I am officall pathetic. I am having a bit of a rough day today. Depression is kicking my butt tonight. I realize that compared to many other people, I really have nothing to be upset or depressed about. I know that. But I do feel depressed today. There are just so many things going through my mind right now, and I feel as though I have no outlet to express all of my thoughts. So I am doing it here; for the world to read.
I am very worried about the whole situation of Travis getting into management. Our whole live's basically are dependent on that happening. And with the way the economy is right now, and our company closing down 35 stores (although that was world wide) it really freaks me out and makes me wonder why on earth they would be promoting anyone. While I am always the negative one, I just worry that his managers are dicking him around and getting all this extra work out of him, damn well knowing there isn't going to be an opportunity for quite a while. When the talks of Travis getting into management even started, we must have both been really naive. That was almost 4 months ago. We figured at least by now he would have started training.

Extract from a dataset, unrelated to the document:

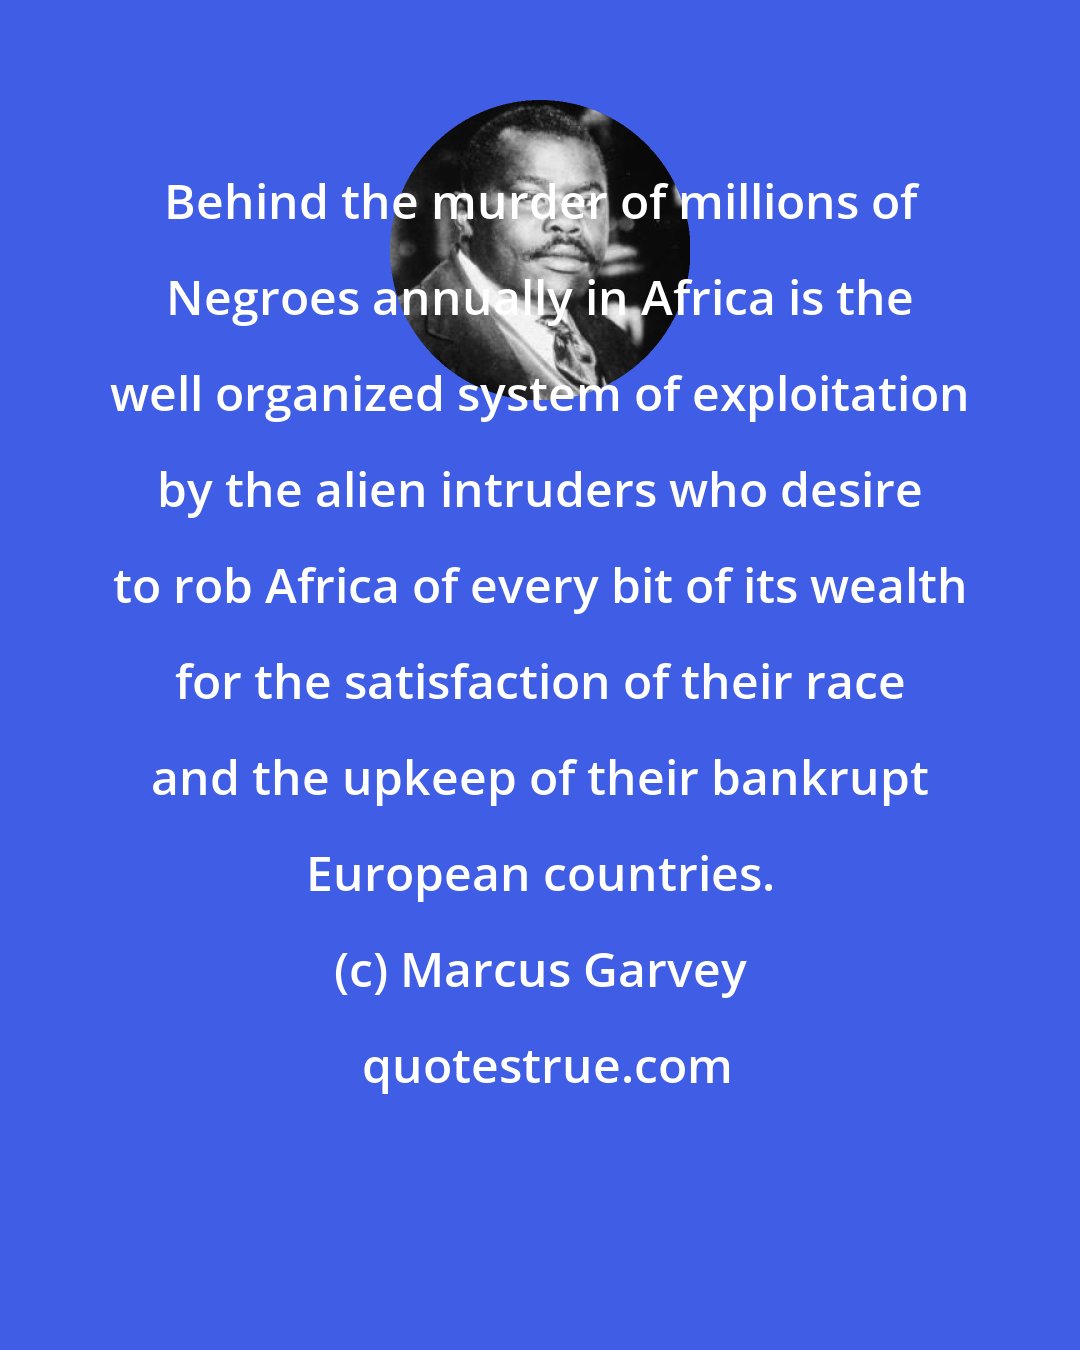 Marcus Garvey: Behind the murder of millions of Negroes annually in Africa is the well organized system of exploitation by the alien intruders who desire to rob Africa of every bit of its wealth for the satisfaction of their race and the upkeep of their bankrupt European countries.
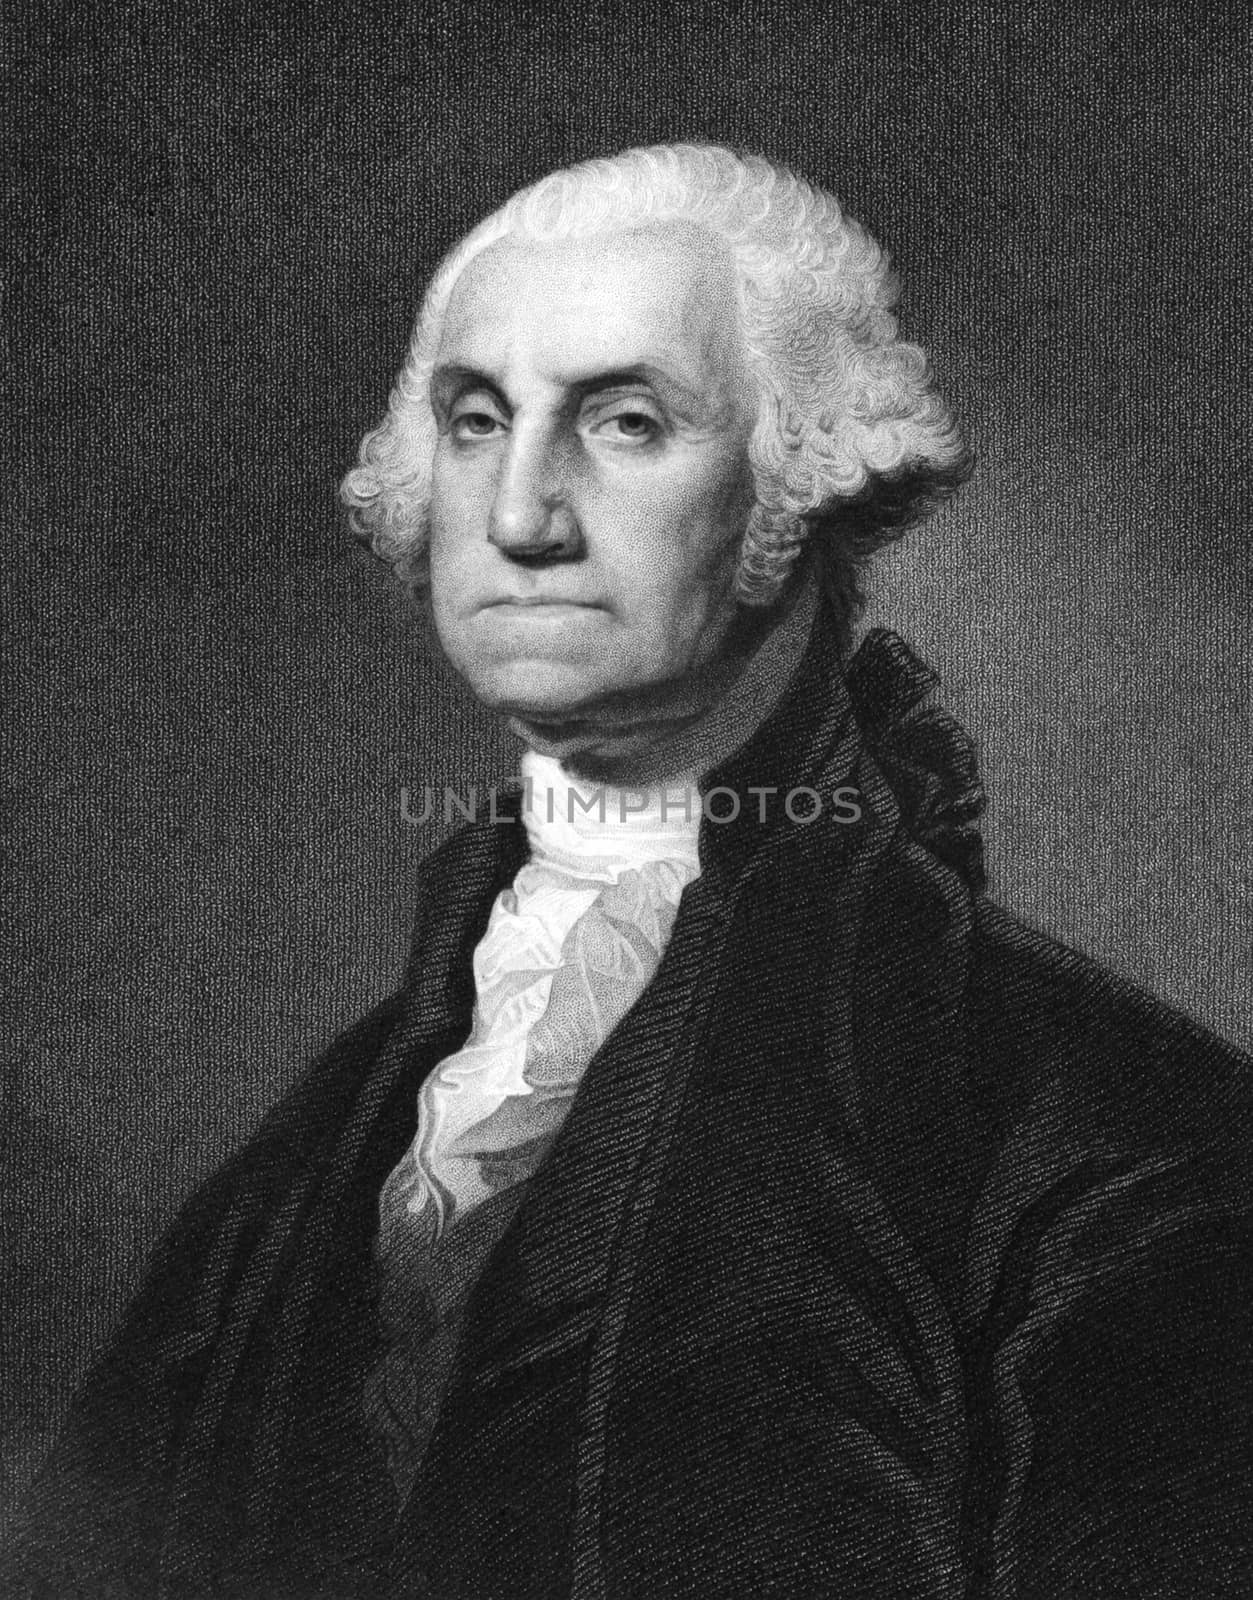 George Washington (1731-1799) on engraving from 1873. First President of the U.S.A. during 1789-1797  and commander of the Continental Army in the American Revolutionary War during 1775-1783. Engraved by unknown artist and published in ''Portrait Gallery of Eminent Men and Women with Biographies'',USA,1873.

He has yet to even be offered a position.
What is more frustrating than that is that our lives together are based upon this happening. Us being able to move, afford to buy a house, have children, Travis finish school, all of this. Yes, those things will happen if he doesn't get this promotion, but they really won't be happening for a while. I think it is the thought of all of that that is very upsetting to me. I guess I look at so many people around me, and they decide to do something, whether it's have a baby, move, get married, buy a house, whatever, and then they do it. In the case of us, it seems to take years for it to happen. I just want some answers. Definite answers.
Although as I am typing this I just realized what I really need. I just need to trust in God. I know he has a plan for Travis and I. I have to go by God's plan for our lives, not our own. I really need to remind myself of this more often. It's Gods plan, not my own.